Importantly, we implicate a putative role for the hepatic innate

Importantly, we implicate a putative role for the hepatic innate immune

system. The experimental design allowed us to investigate the relative influence of maternal obesity versus a postnatal obesogenic environment on progression of the NAFLD phenotype. The postweaning learn more obesogenic diet had the greater influence on adiposity, hepatosteatosis, and markers of liver injury and fibrosis; however, there was an independent effect of maternal diet and a significant interaction between maternal and postweaning environments, which led to the most profound degree of liver injury observed. Moreover, we also observed that this disorder progressed with age. At 3 months, there was evidence of offspring obesity, adiposity, hepatosteatosis, and up-regulation of IL-6, TNF-α, and α-SMA as biochemical

markers of liver injury and fibrosis. By 12 months, there was more-profound evidence of hepatosteatosis, as assessed by the biochemical Sorafenib molecular weight markers and histological evidence of liver injury and fibrosis. We previously reported that offspring of obese mouse dams, when weaned onto standard chow, despite displaying hypertensive and dysmetabolic characteristics, did not exhibit a robust fatty liver phenotype.3 Here, we report similar hepatic tissue TG content Buspirone HCl in OffOb-SC, compared to controls, corroborated by histological steatosis assessment.
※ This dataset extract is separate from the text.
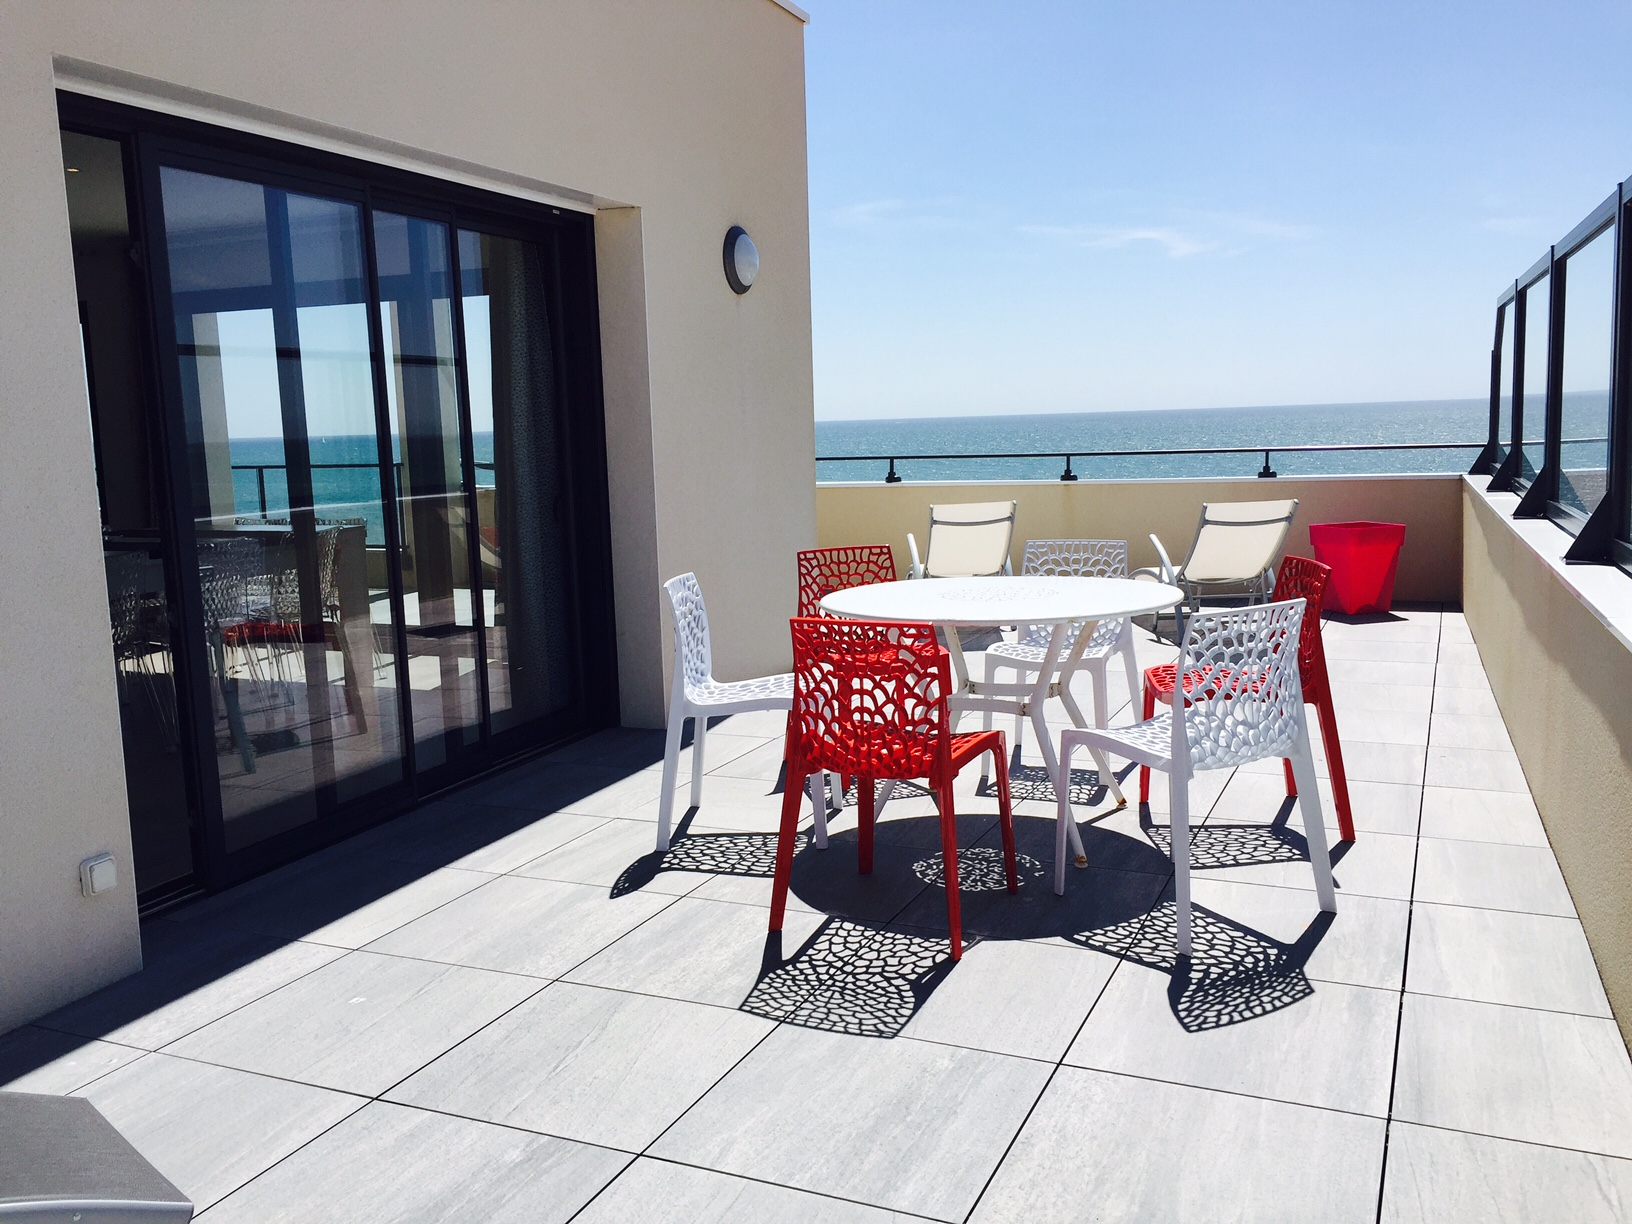 terrasse de la villa piscine intrieure prive et chauffe
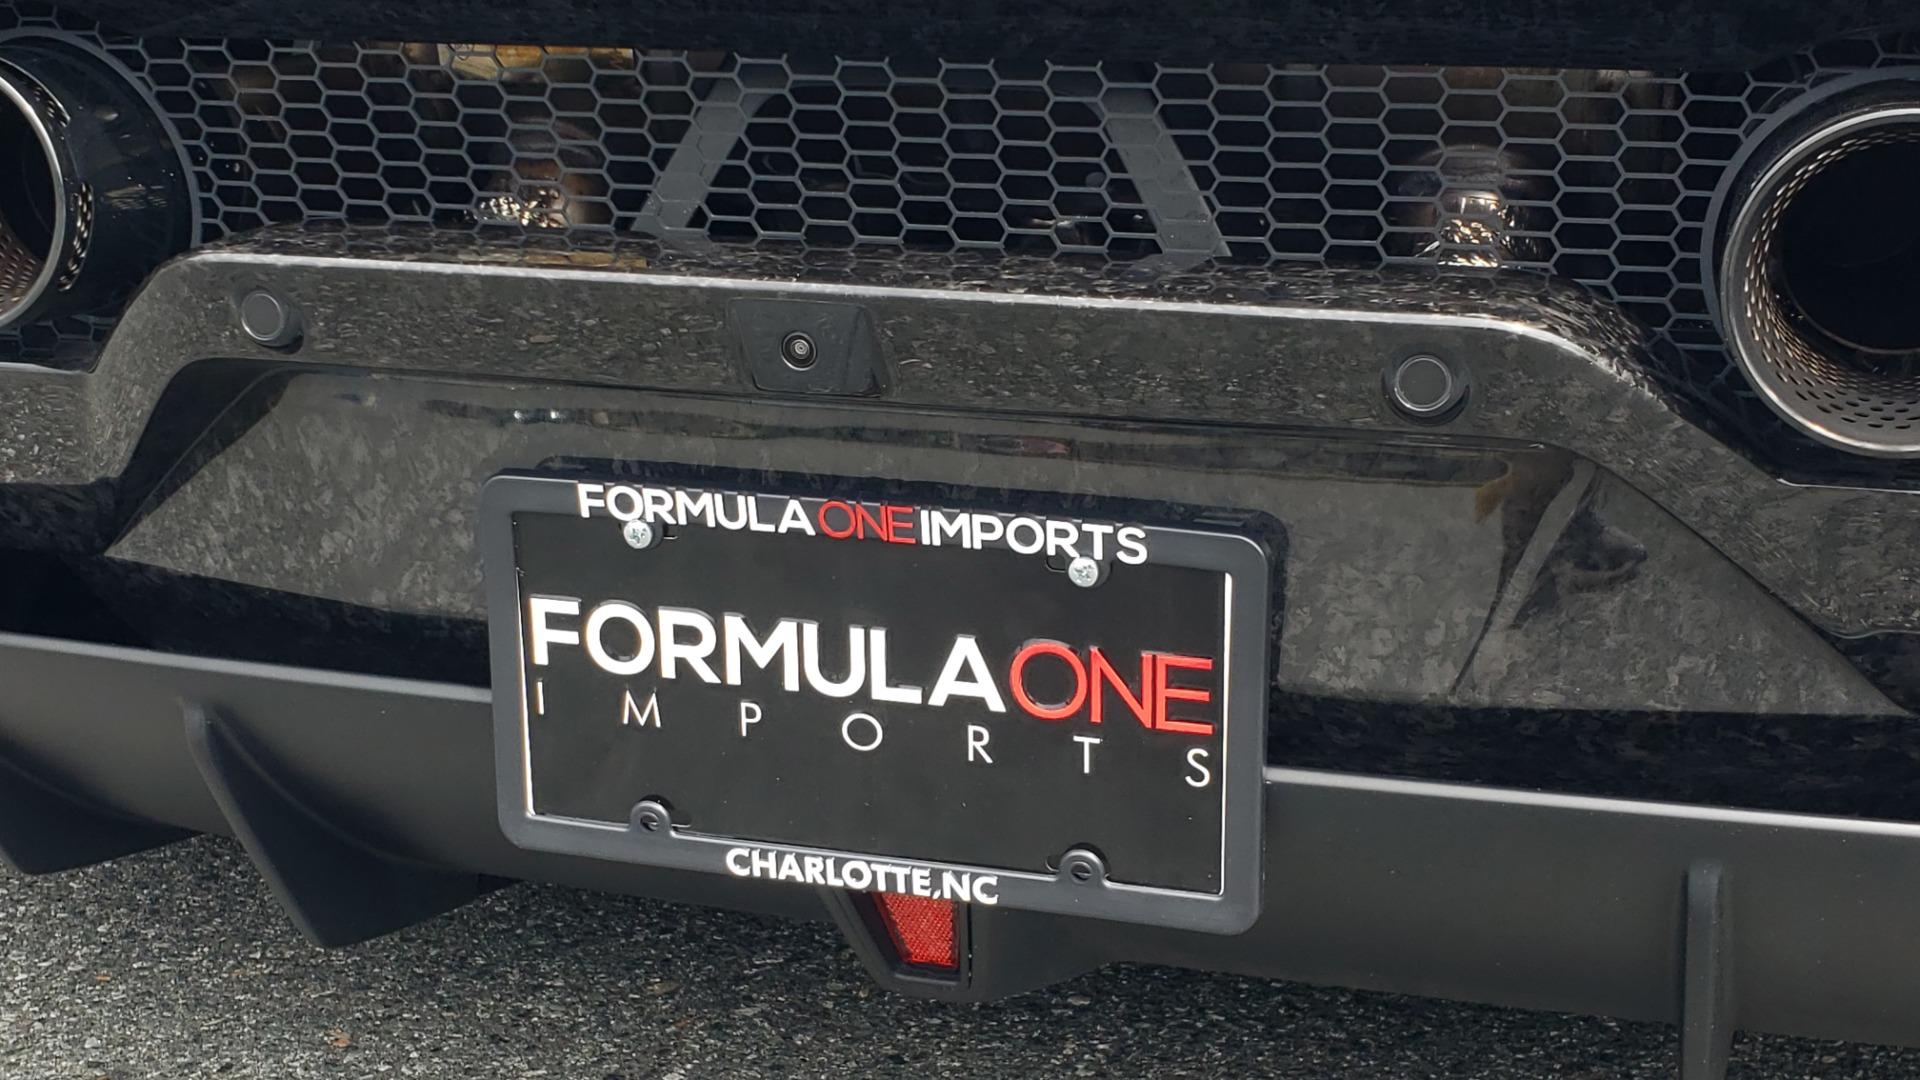 Used 2018 Lamborghini HURACAN PERFORMANTE 5.2L V10 / 630HP / 7-SPD AUTO / AWD / NAV / PREM SND for sale $269,995 at Formula Imports in Charlotte NC 28227 40

Our findings parallel the findings of Bruce et al.,5 who reported hepatosteatosis in offspring exposed to maternal high-fat diet and weaned onto high-fat chow. OffOb-OD display

an accelerated and exaggerated liver phenotype, compared to offspring exposed only to a postweaning obesogenic diet. Therefore, taken together, the evidence suggests that developmental programming by diet-induced maternal obesity sensitizes the liver to the deleterious consequences of a second postnatal dietary challenge. Whereas Bruce et al. implicated phenotypic propagation of the liver phenotype by hepatic mitochondrial dysfunction and lipogenesis gene priming, we now suggest that maternal diet-induced obesity may also program offspring susceptibility to NAFLD by perturbation of the innate immune system. Offspring of obese dams reared on a hypercalorific diet, despite demonstrating increased KC numbers, showed impaired KC phagocytic activity and increased KC ROS production, which also revealed an apparent interaction between the maternal and postnatal environments. The current paradigm for the pathogenesis of NAFLD holds fat accumulation as a prerequisite for disease development.